本研究では、等モル組成のNiCoFeCrGa高エントロピー合金を対象に、微小柱圧縮試験を通じて、材料の変形メカニズムの歪み速度依存性を明らかにした。
まず、急冷処理したサンプル(S1)では、FCC相とBCC相が共存する二相組織を有しており、それぞれの相の変形挙動が大きく異なることを示した。BCC相は極めて高い降伏応力を示すのに対し、FCC相は低い降伏応力と不安定な変形挙動(ジャーキーフロー)を示す。
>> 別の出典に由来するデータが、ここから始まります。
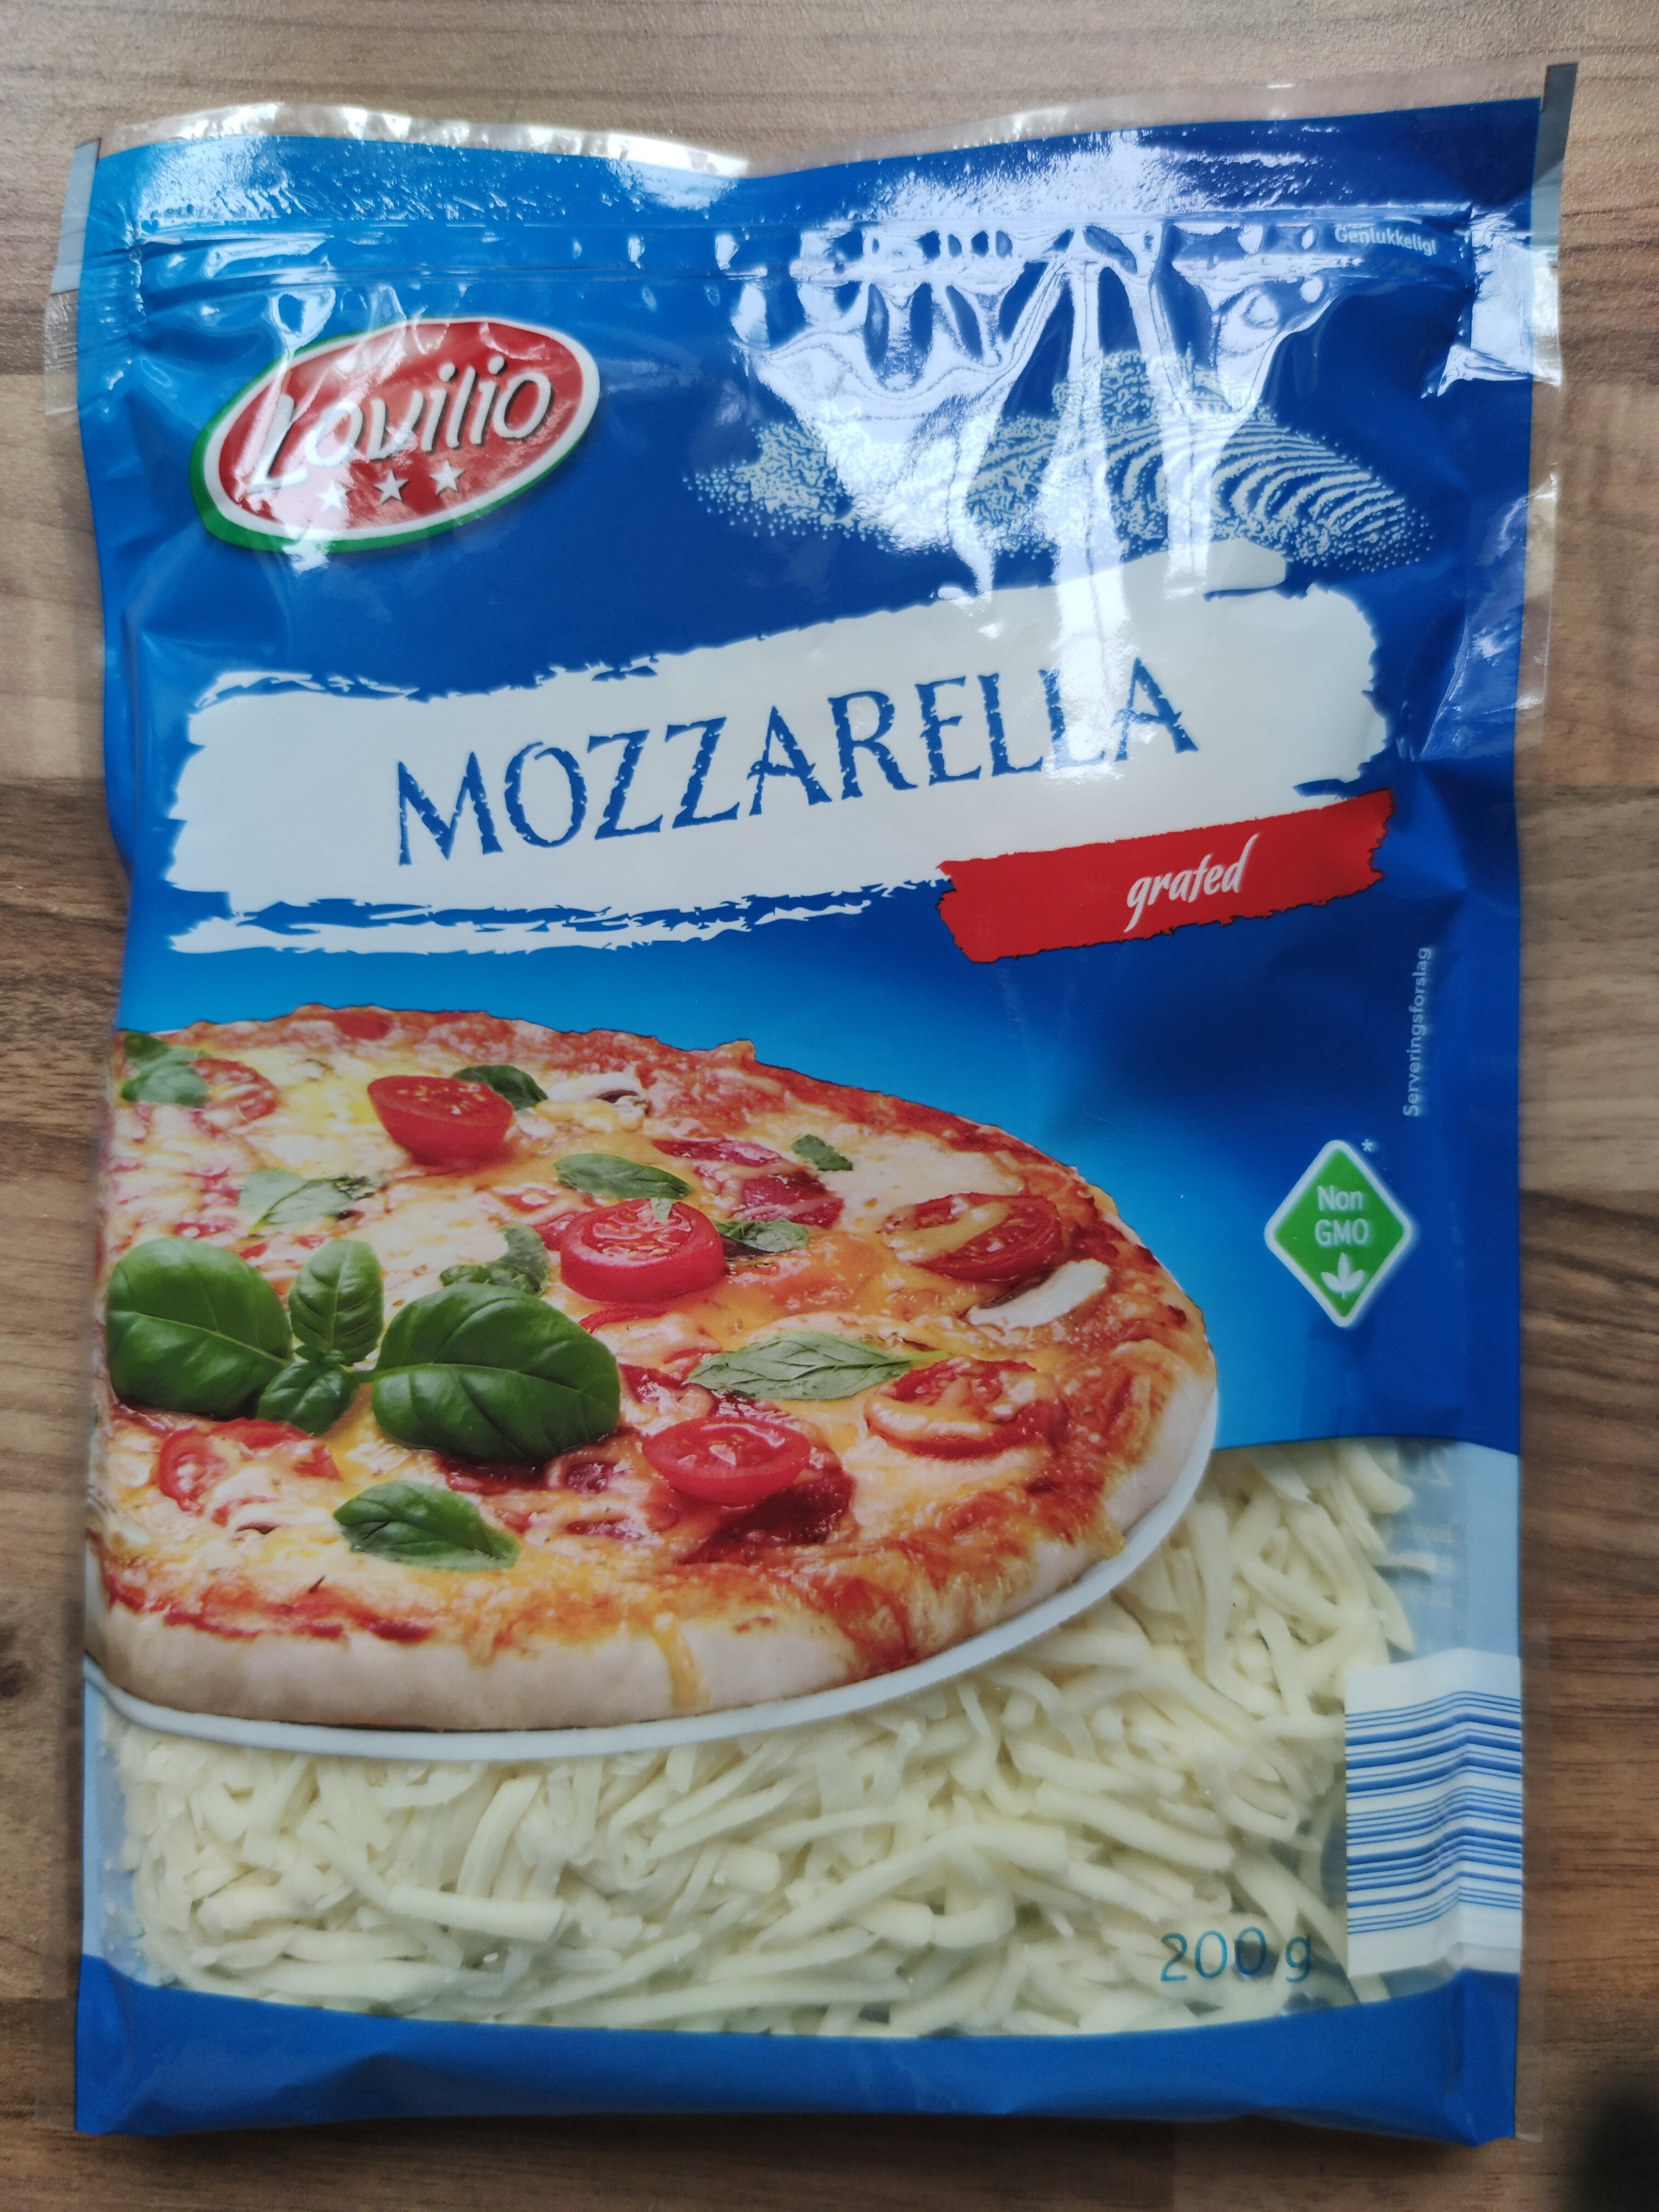 mozzarella grated - Produkt - da

次に、徐冷処理したサンプル(S2)では、BCC相中にCr rich な析出物が形成されるが、これらの析出物は変形中に切断されるため、かえってBCC相の強度を低下させることが明らかになった。
さらに、歪み速度依存性の解析から、103/s以上の高歪み速度域では、BCC相とFCC相の変形メカニズムが大きく変化することが分かった。BCC相では歪み速度感受性が大幅に増大するのに対し、FCC相ではそれほど顕著ではない。これは、BCC相の変形がドラッグ支配に遷移するのに対し、FCC相ではそうでないためと考えられる。
このように、本研究では高エントロピー合金の変形メカニズムの歪み速度依存性を微細力学的に解明し、その背景にある転位挙動の違いを明らかにした。